#DomesticViolenceAwareness, #WhyIDidntReport, Domestic Violence, Grief and Loss, Rape, Uncategorized

Domestic Violence Awareness Month: Nancy’s Story

I’ll have to just focus on one traumatic incident of domestic abuse, because there have been many situations in my life. This one incident involves my cousin and his family. It happened when we were all young, in our 20’s. I had grown up close to this cousin and was Matron of Honor at his wedding. The day of this incident, my then husband, Peter, and I showed up at their apartment to help them with a move, as planned. When the door opened to let us in I saw my cousin’s wife holding a bunch of tissues to her nose. Their little boy, age 3, stood with his arms wrapped tightly across his chest, as if to hug himself. His mouth was turned down at the corners and his eyes averted mine……..I had to use the bathroom and in that room I saw a bathtub half-filled with bloody red water and soaking clothes….the move didn’t happen that day.

I once had a dream that my cousin was a silver airplane that slowly slipped out of the sky and crashed silently to the earth. That’s about the way it went.

Having written a brief account of a day in the distant past when my husband and I showed up to help my cousin and his wife with a move to a new apartment, only to have the moving plans cancelled after finding the wife incapacitated due to the broken bloody nose my cousin had caused earlier in the morning, I decided to write a little more about the violence that enveloped the life of this family member and the lives of many of the other family members whose lives intersected with his.

I’ve been wondering how it all started but analyzing the family, with its history of both wonderful and horrible stories of failures and sadness, joy and accomplishment, is too large a task, so for this project I will focus on telling a little of the story of my cousin.

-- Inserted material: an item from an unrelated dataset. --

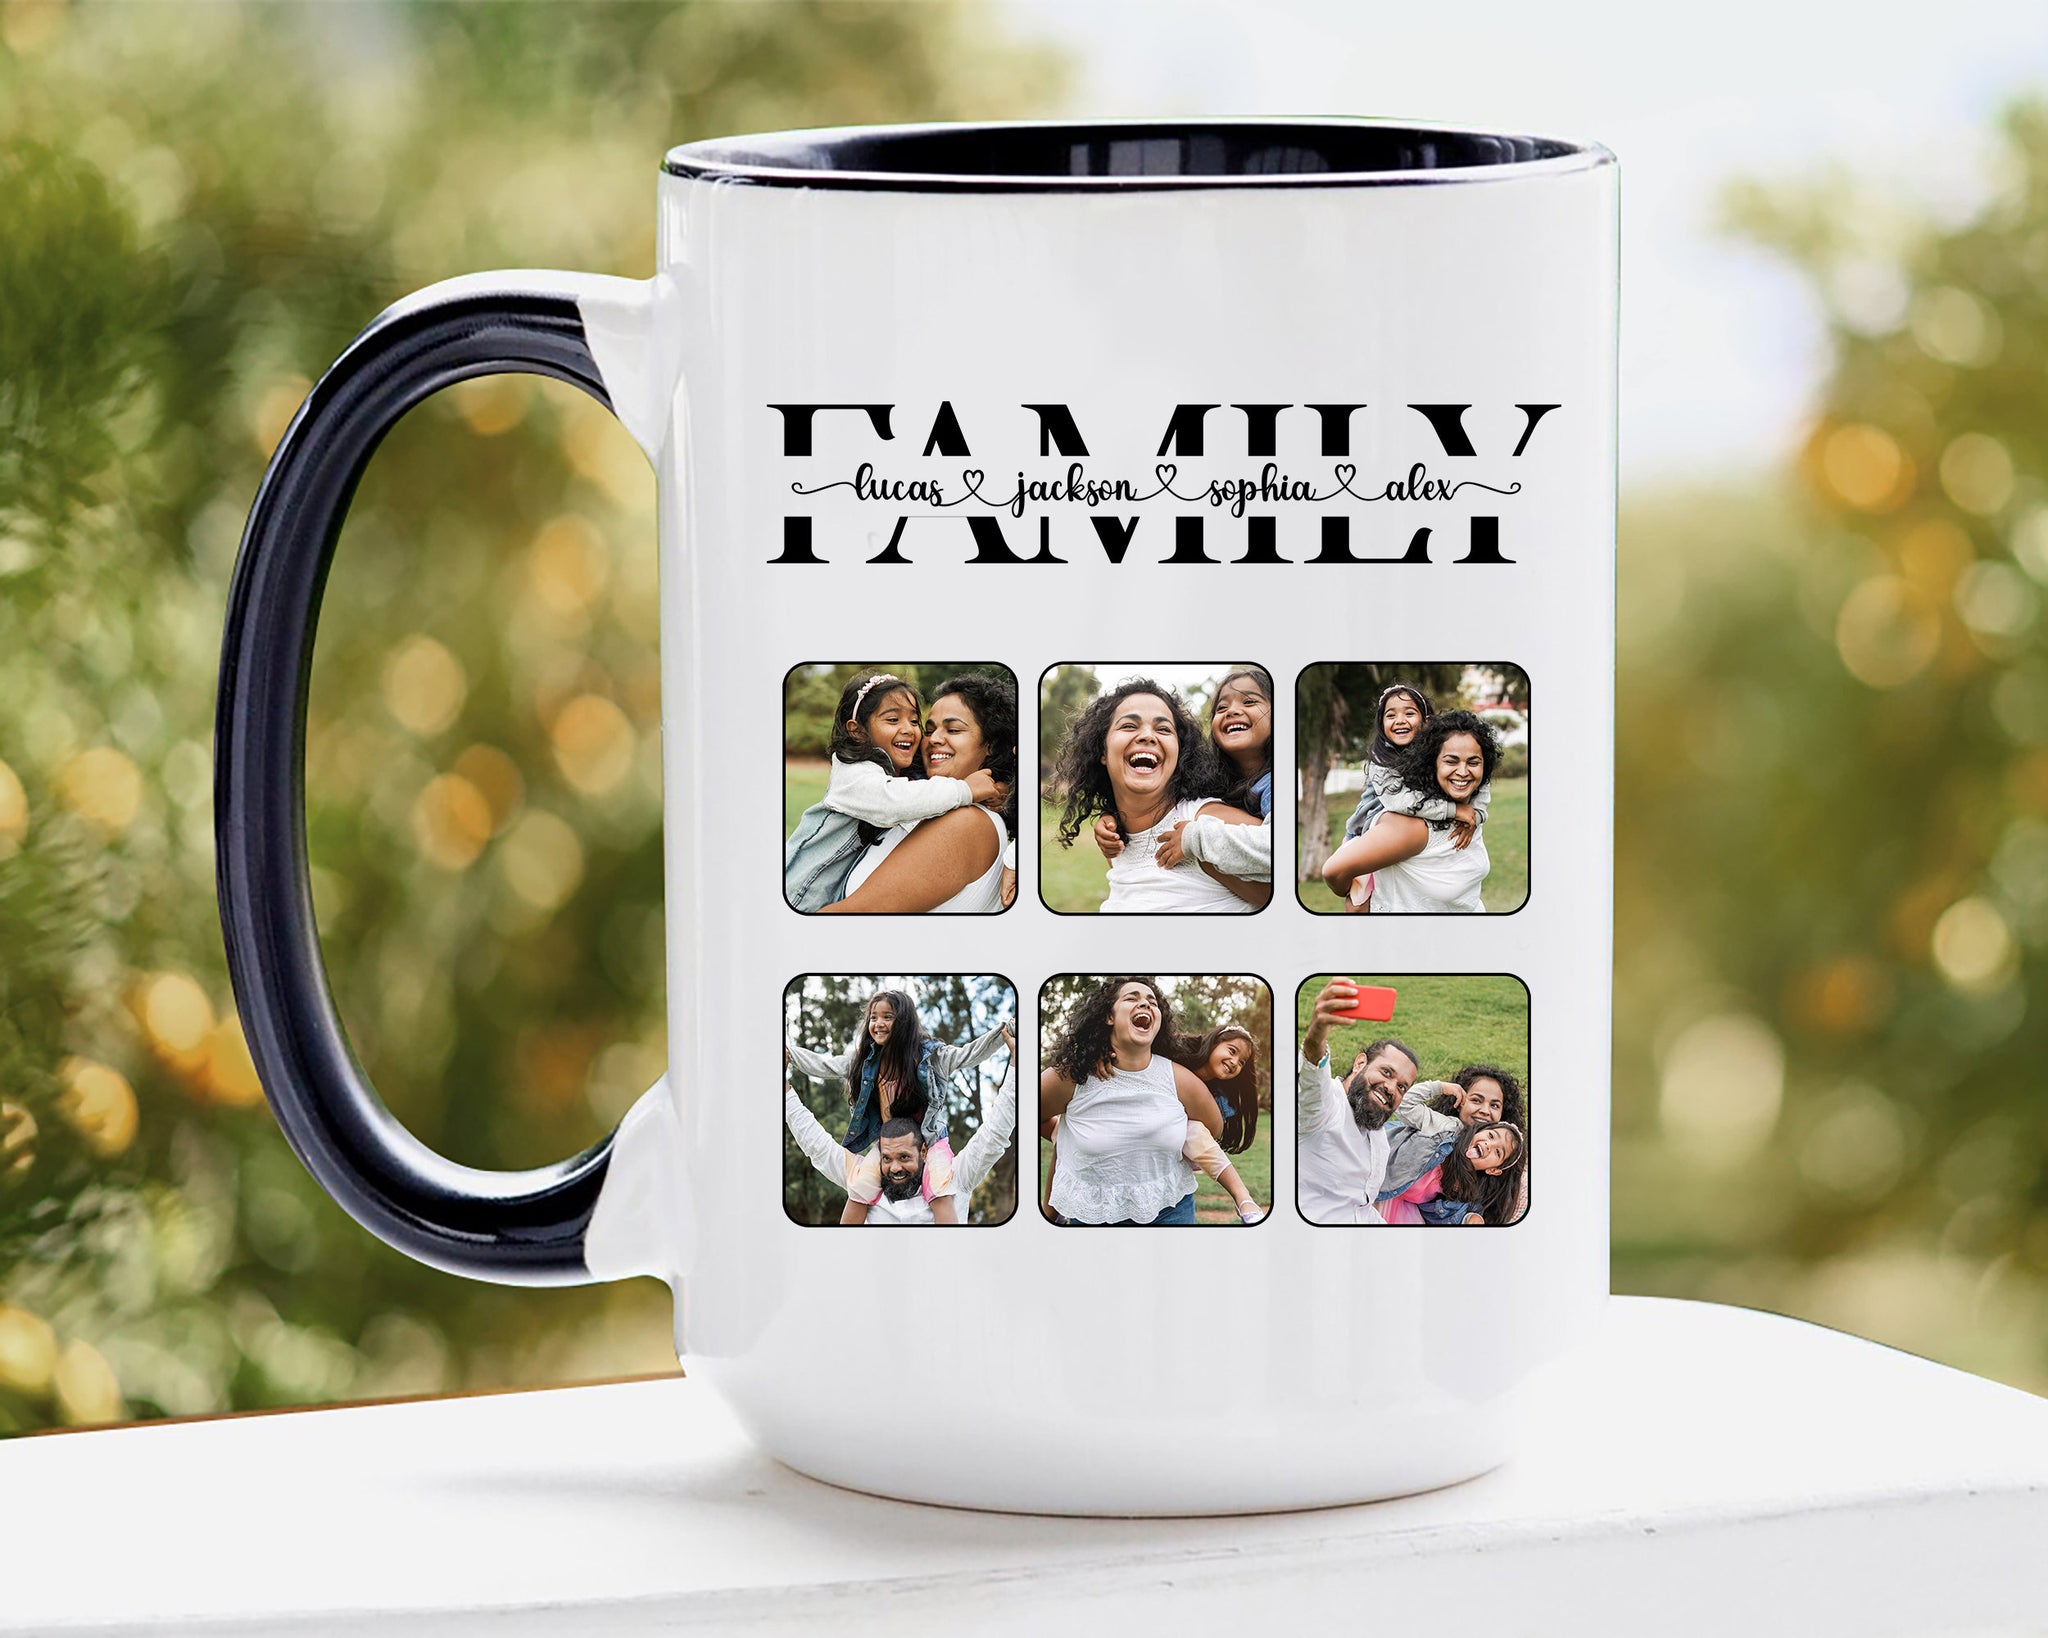 Personalized Family Mug, Mug with Photo, Custom Family Photo Coffee Mug, Custom Collage Photo Coffee Cup, Gift for Dad, Mom, Family Gift

I grew up with him and shared amazing childhood memories of fun, adventure, competition, love and brutality with this cousin, two years older than I. I can’t begin to encompass our lives in a write-up but his life impacted mine deeply and does to this day. He passed away a few months ago and when I got to the church, before the service, and saw the urn containing his ashes I choked up, in tears. Unlike a lot of others in the family I loved him and didn’t suffer violence at his hands, other than a few ice-balls to the head thrown between our snow forts and a few wicked “Indian sunburns” he gave me, twisting his strong hands around my arms. He did put me in some precariously dangerous situations, climbing trees, crashing into woodpiles on our sled, piled up, one on the other, and daring me to walk across the beams high above the concrete barn floor. We also rolled down a sandpit but avoided suffocating and we capsized while out fishing in a little boat on a pond, but didn’t drown. We went hunting but he was the one who fell into a hole out there in the woods and screamed for me to help because, he said, he’d spotted a bobcat. I left him and ran for my own hide.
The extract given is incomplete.